在线段树上维护上述所有信息即可,此时时间复杂度为 $O(n \times \log n + m \times n \times \log n)$,空间复杂度为 $O(n \times \log n)$。时间复杂度与空间复杂度均无法通过此题。

优化 1

对于每个线段树结点,其区间内所有极长段的长度之和为 $len$,因此最多只会存在 $\sqrt {len}$ 种不同的极长段长度,将相同长度的极长段的信息在一起存储,使用大小为 $\sqrt {len}$ 的 vector 存储即可。

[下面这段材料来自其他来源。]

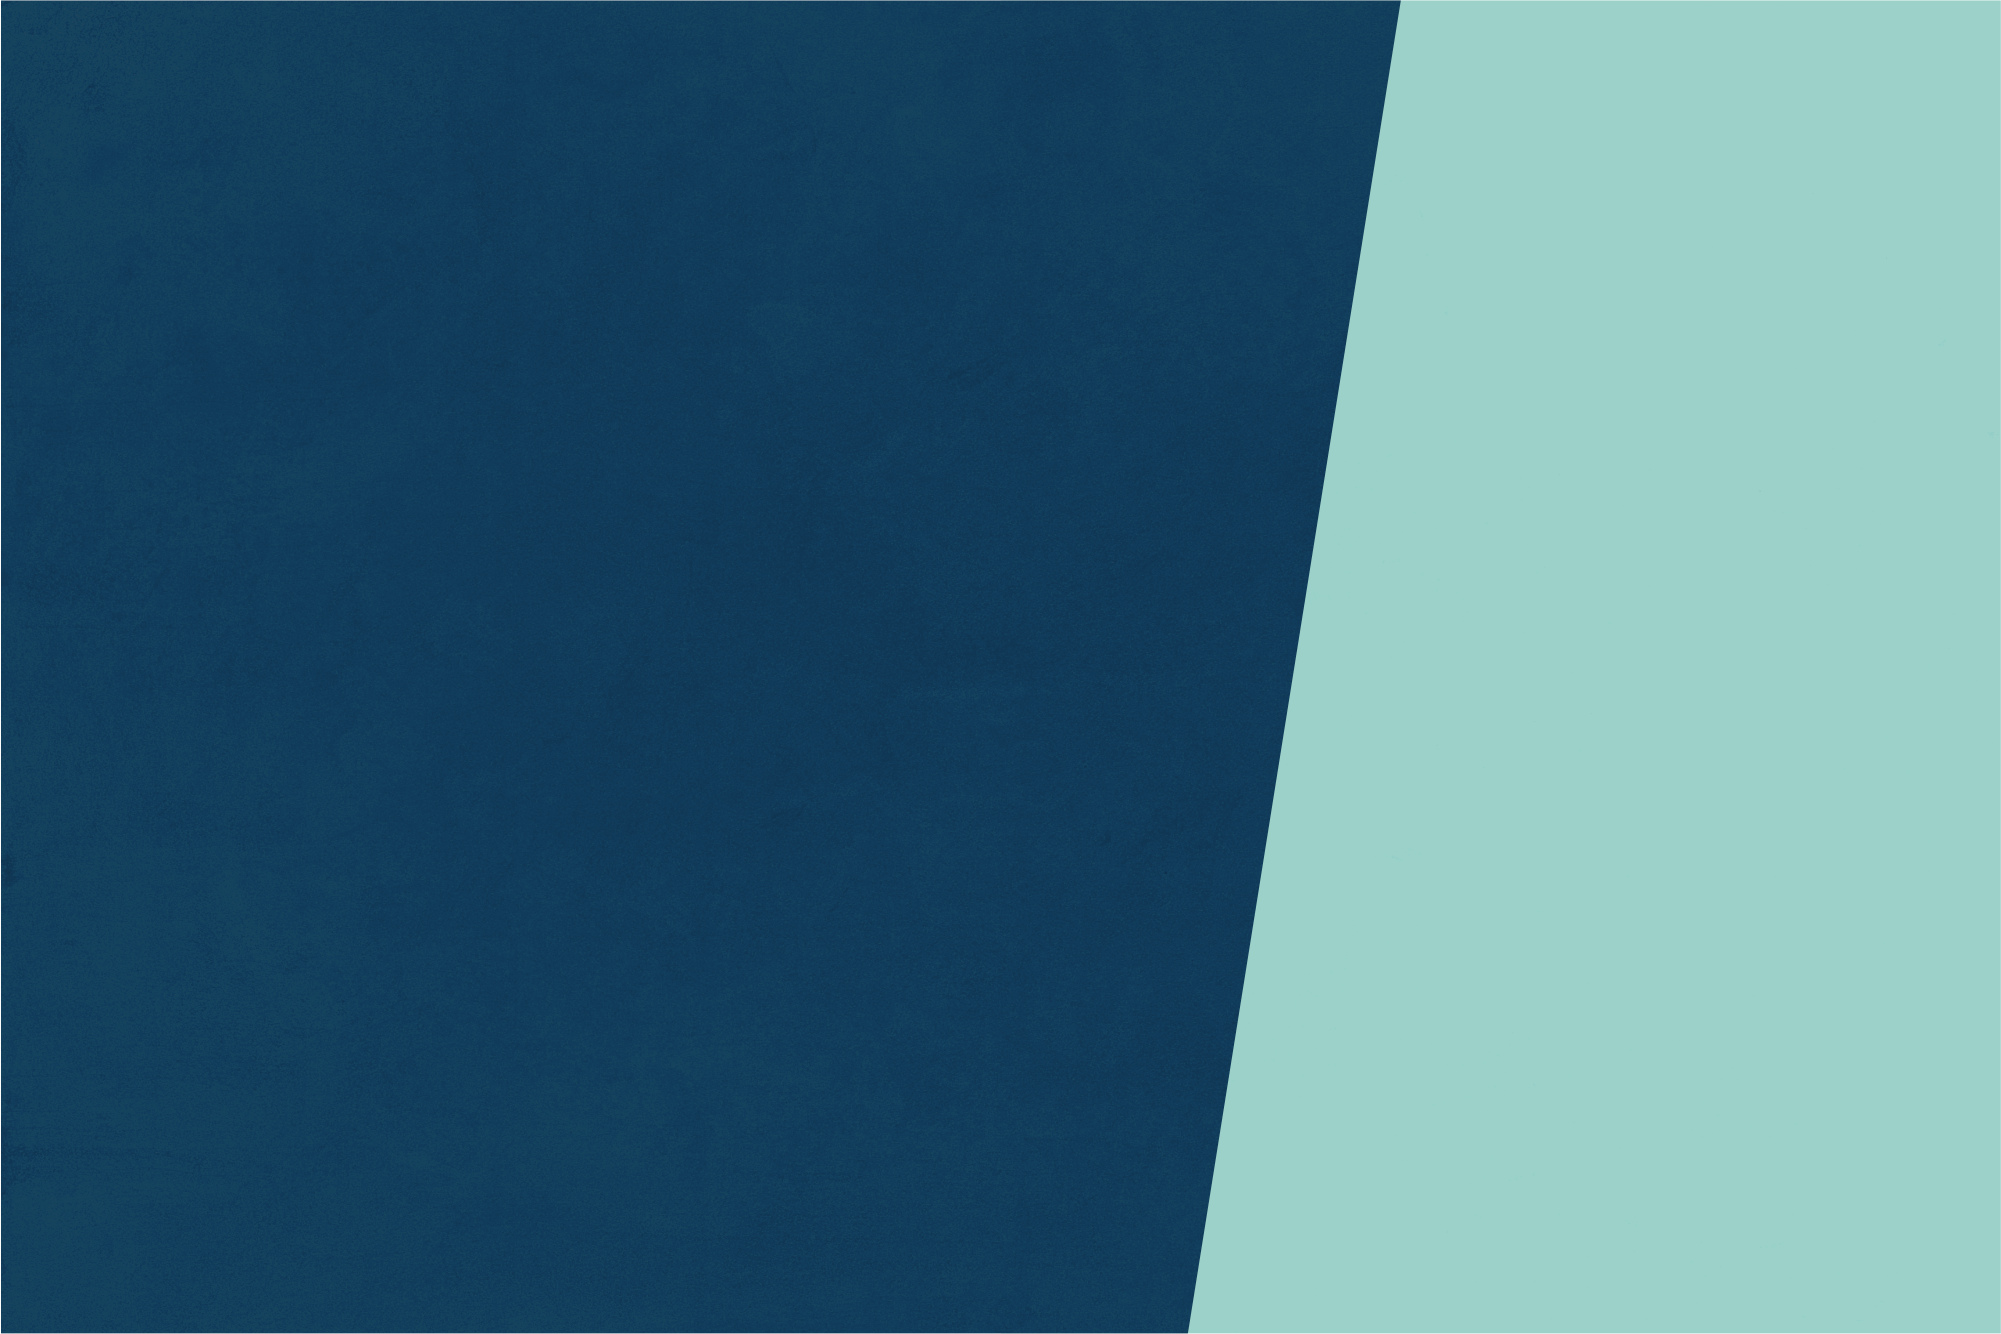 Ein Bild mit der Farbkombination Dunkles Mitternachtsblau und Sanftes Meeresgrün

此时时间复杂度 $O(n + m \times \sqrt n \times \log n)$,空间复杂度 $O(n)$。时间复杂度仍无法通过此题。

优化 2

在区间修改元素值时我们对 $O(\sqrt n)$ 个长度都 $O(\log n)$ 求该长度对应区间修改后的乘积。考虑存储连续段长度时按连续段长度升序存储,需要对第 $i$ 个长度求值时从第 $i-1$ 个长度对应的答案转移过来。因为 $O(\sum_{i} \log (a_i - a_{i-1})) = O(\log a_n) = O(\sqrt len)$,所以花在对 $O(\sqrt n)$ 个长度求值的时间复杂度转为 $O(\sqrt n)$。

此时时间复杂度 $O(n + m \times \sqrt n)$,空间复杂度 $O(n)$,可以通过此题。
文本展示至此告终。